Probability - Two fair dice tossing

  1. Conditional Probability - Example
  • Let’s consider the events A = “getting a sum of 7” and B = “getting a double”.
  • The favorable outcomes for A ∩ B are (1, 6), (6, 1).
  • The favorable outcomes for B are (1, 1), (2, 2), (3, 3), (4, 4), (5, 5), and (6, 6).
  • The probability of A given B is P(A | B) = P(A ∩ B) / P(B) = 2/6 = 1/3.
  1. Independent Events - Definition
  • Two events A and B are independent if the occurrence of A does not affect the probability of B, and vice versa.
  • Mathematically, P(A ∩ B) = P(A) * P(B).
  1. Independent Events - Example
  • Let’s consider the events A = “getting a sum less than or equal to 5” and B = “getting a double”.
  • The favorable outcomes for A ∩ B are (1, 1), (2, 2), (3, 3), (4, 4), (5, 5).
  • The favorable outcomes for A are (1, 1), (1, 2), (1, 3), (1, 4), (1, 5), (2, 1), (2, 2), (2, 3), (2, 4), (3, 1), (3, 2), (3, 3), (4, 1), (4, 2), and (5, 1).
  • The favorable outcomes for B are (1, 1), (2, 2), (3, 3), (4, 4), (5, 5), and (6, 6).
  • P(A ∩ B) = 5/36 = P(A) * P(B) = 15/36 * 6/36 = 5/36.
  • Since P(A ∩ B) = P(A) * P(B), events A and B are independent.

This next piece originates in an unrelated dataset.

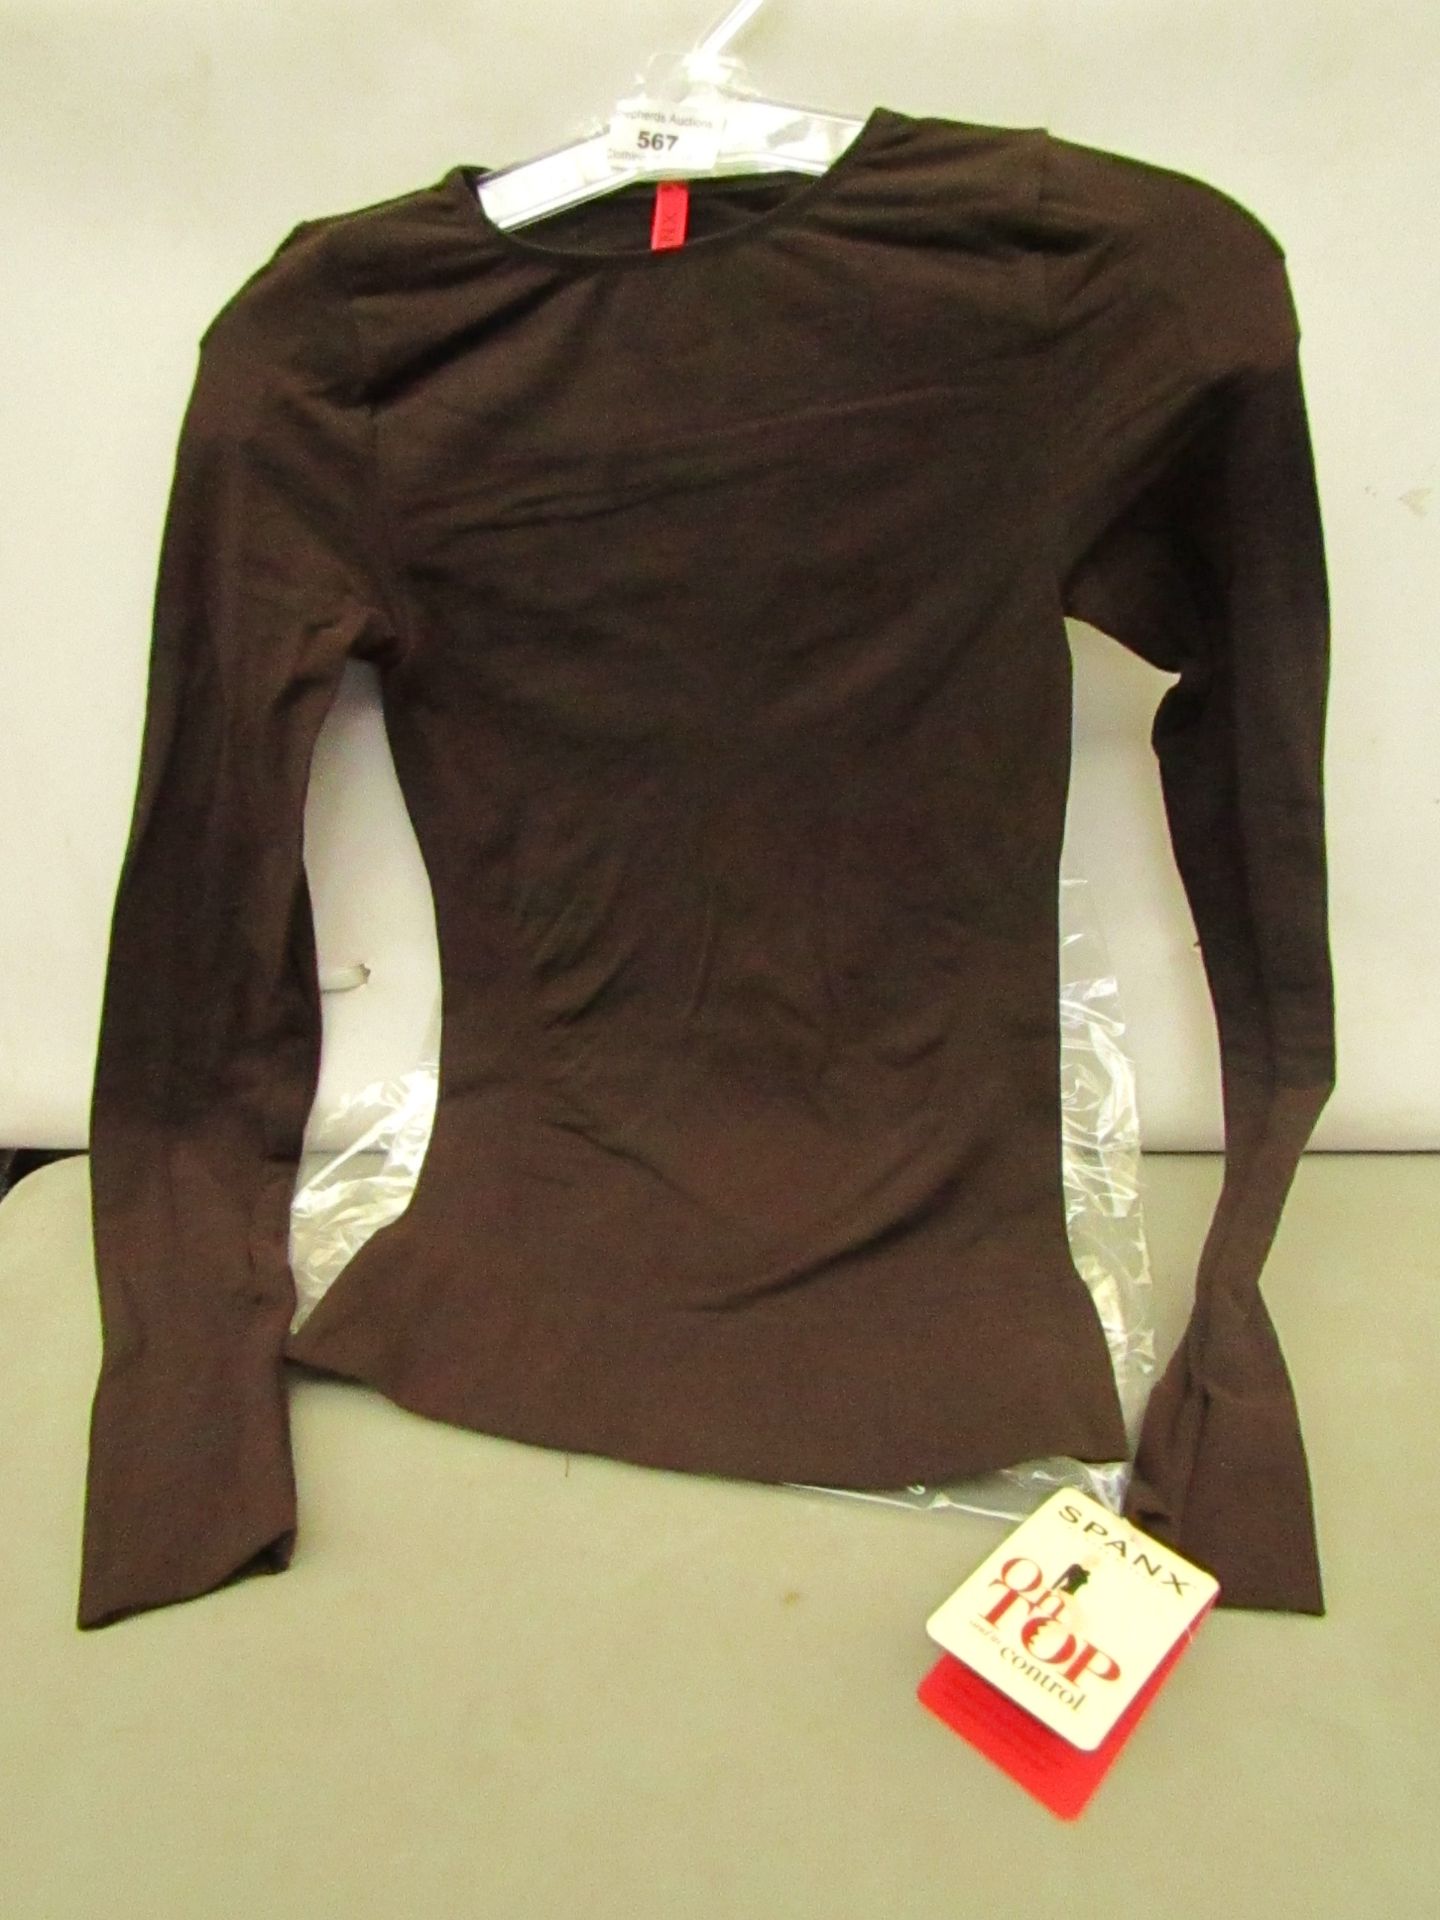 Spanx on Top & In Control Bittersweet Classic Long Sleeve Scoop Neck Top size S (8/10) RRP £29.99 on

  1. Dependent Events - Definition
  • Two events A and B are dependent if the occurrence of one event affects the probability of the other event.

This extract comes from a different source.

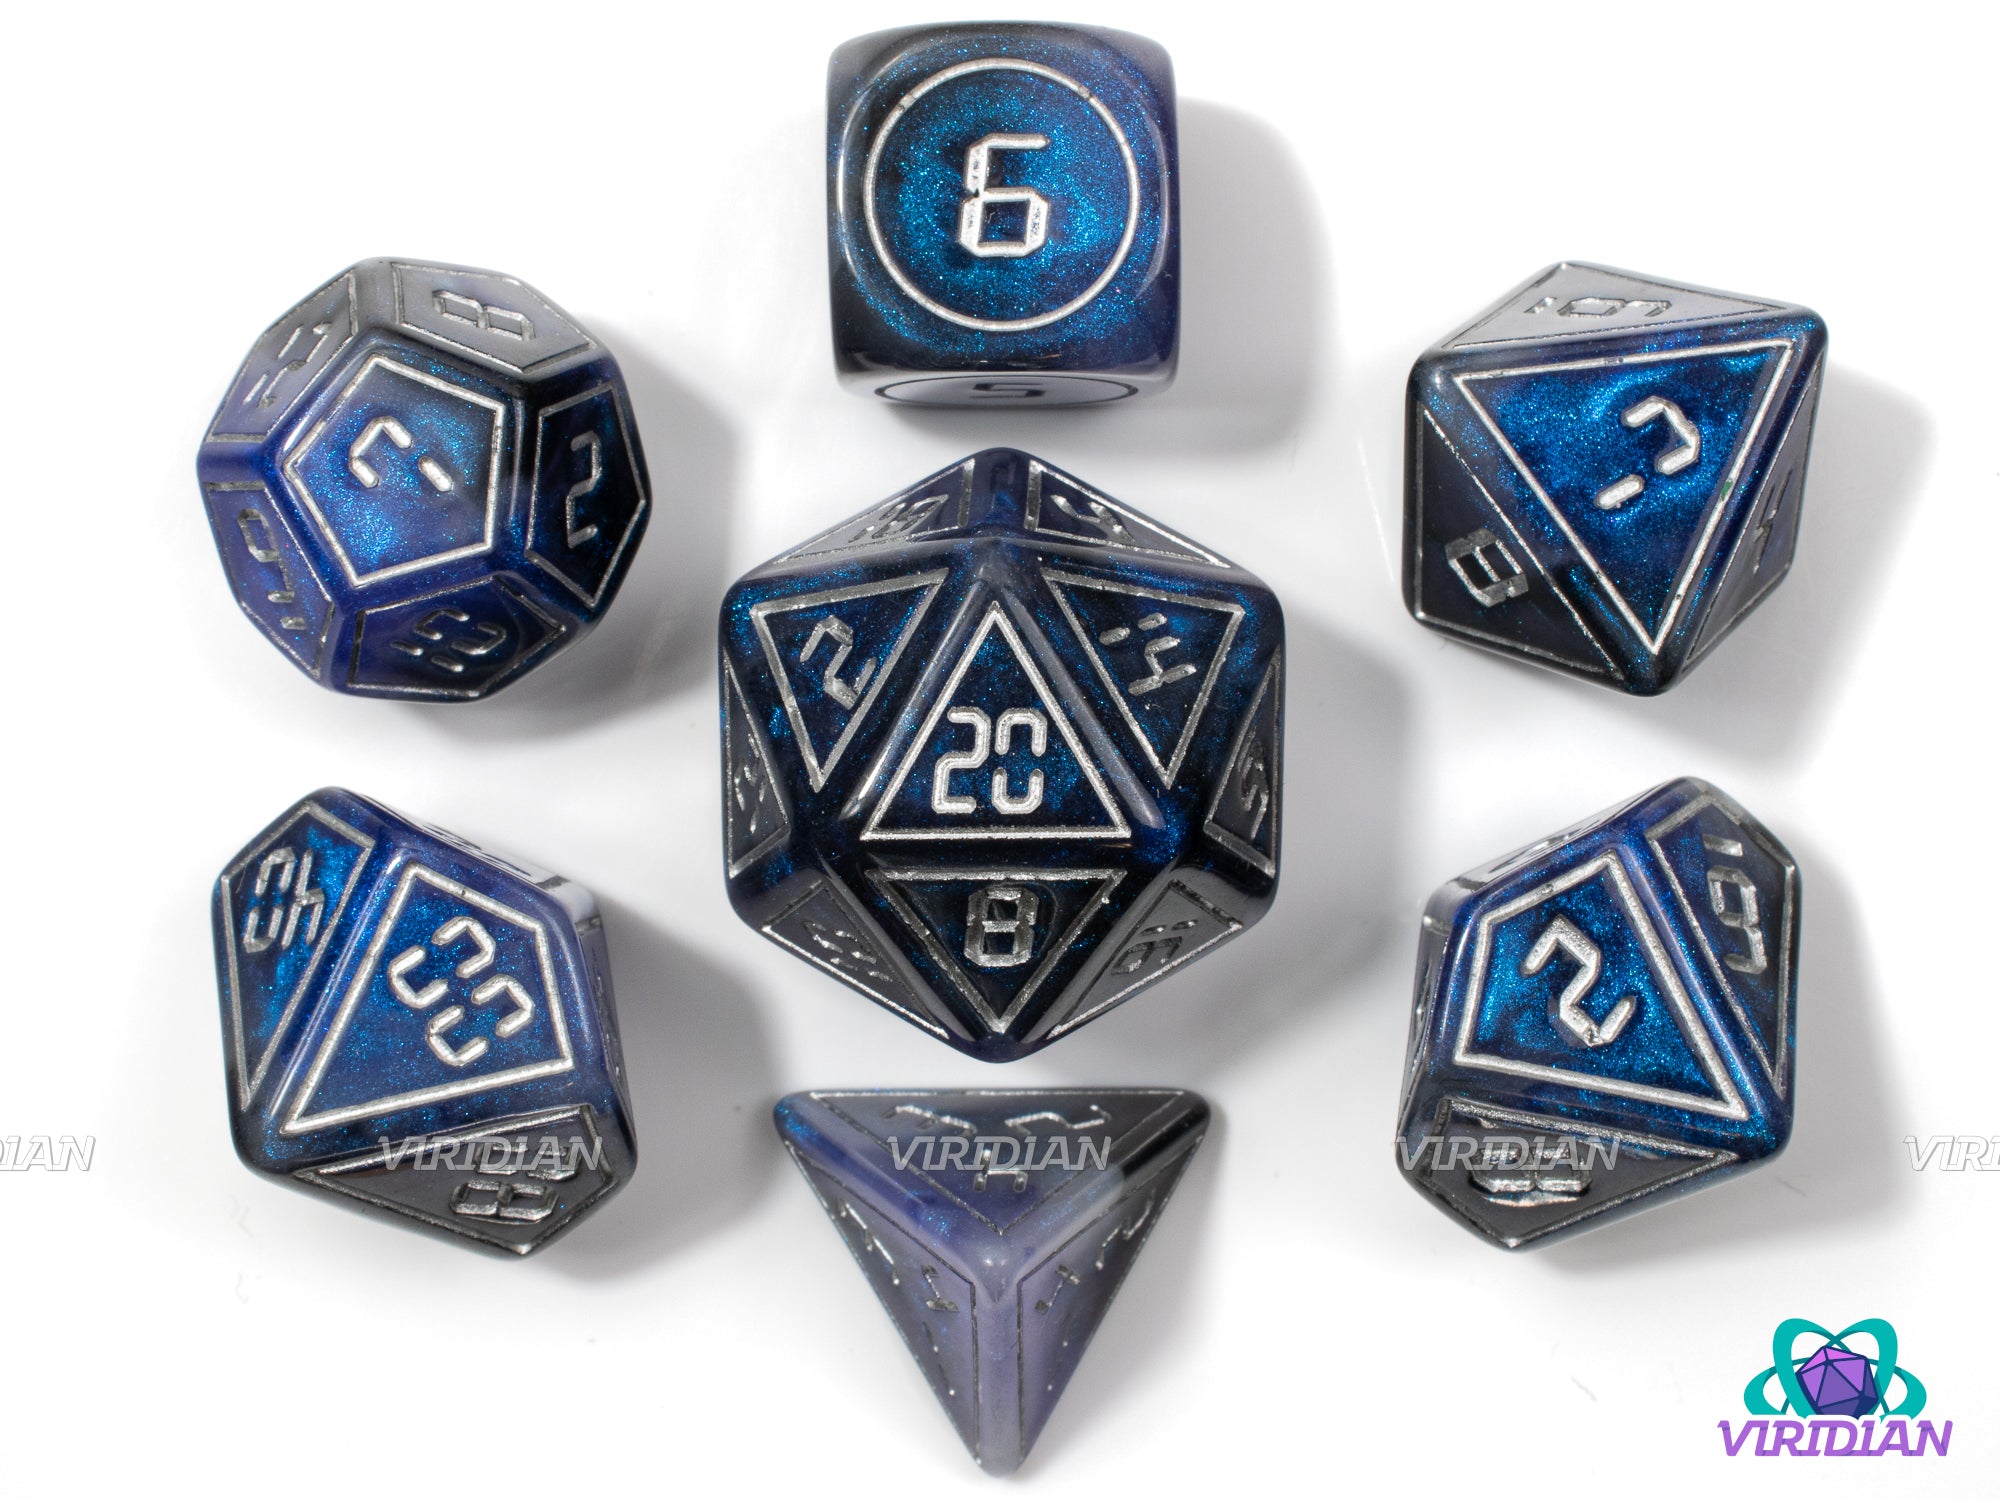 Intergalactic | Blue-Purple and Black, Glittery, Silver Digital Font w Accents | Resin Dice Set (7)

  • Mathematically, P(A ∩ B) = P(A) * P(B | A) = P(B) * P(A | B), where P(A) and P(B) ≠ 0.
  1. Dependent Events - Example
  • Let’s consider the events A = “drawing a red card from a deck” and B = “drawing a black card from the remaining deck without replacement”.
  • The favorable outcomes for A ∩ B are the same as the favorable outcomes for B because drawing a black card doesn’t affect the probability of drawing a red card.
  • The favorable outcomes for A are 26 (out of 52 cards), and the favorable outcomes for B are 26 (out of 51 cards).
  • P(A ∩ B) = 26/52 * 26/51 ≠ P(A) * P(B) = 26/52 * 26/52, so events A and B are dependent.
  1. Law of Total Probability
  • The Law of Total Probability states that for any event A and any partition of the sample space into mutually exclusive events B1, B2, …, Bn:
    • P(A) = P(A | B1) * P(B1) + P(A | B2) * P(B2) + … + P(A | Bn) * P(Bn).
  1. Law of Total Probability - Example
  • Let’s consider the events A = “getting a sum of 7” and B1, B2, …, B6 = “getting a double with each number on the first dice”.
  • The favorable outcomes for A | Bi are (i, 7-i) for i = 1 to 6.
  • The favorable outcomes for Bi are (i, i) for i = 1 to 6.
  • P(A) = P(A | B1) * P(B1) + P(A | B2) * P(B2) + … + P(A | B6) * P(B6) = (1/6) * (1/6) + (1/6) * (1/6) + … + (1/6) * (1/6) = 1/6.
  1. Bayes’ Theorem
  • Bayes’ Theorem allows us to update the probability of an event based on new information.
  • It is given by: P(A | B) = (P(B | A) * P(A)) / P(B), where P(A) and P(B) ≠ 0.
  1. Bayes’ Theorem - Example
  • Let’s consider the events A = “getting a sum of 7” and B = “getting a double”.
  • We already calculated P(A | B) = 1/3.
  • We also know that P(A) = 1/6 and P(B) = 1/6.
  • P(B | A) = P(A ∩ B) / P(A) = 2/36 / 6/36 = 2/6 = 1/3.
  • P(A | B) = (P(B | A) * P(A)) / P(B) = (1/3) * (1/6) / (1/6) = 1/3.
  1. Summary In this lecture, we covered:
  • Definition of Probability
  • Sample Space and Event
  • Complementary Event
  • Probability of an Event
  • Conditional Probability
  • Independent and Dependent Events
  • Law of Total Probability
  • Bayes’ Theorem These concepts are fundamental in understanding and solving probability problems and can be applied to various real-life scenarios.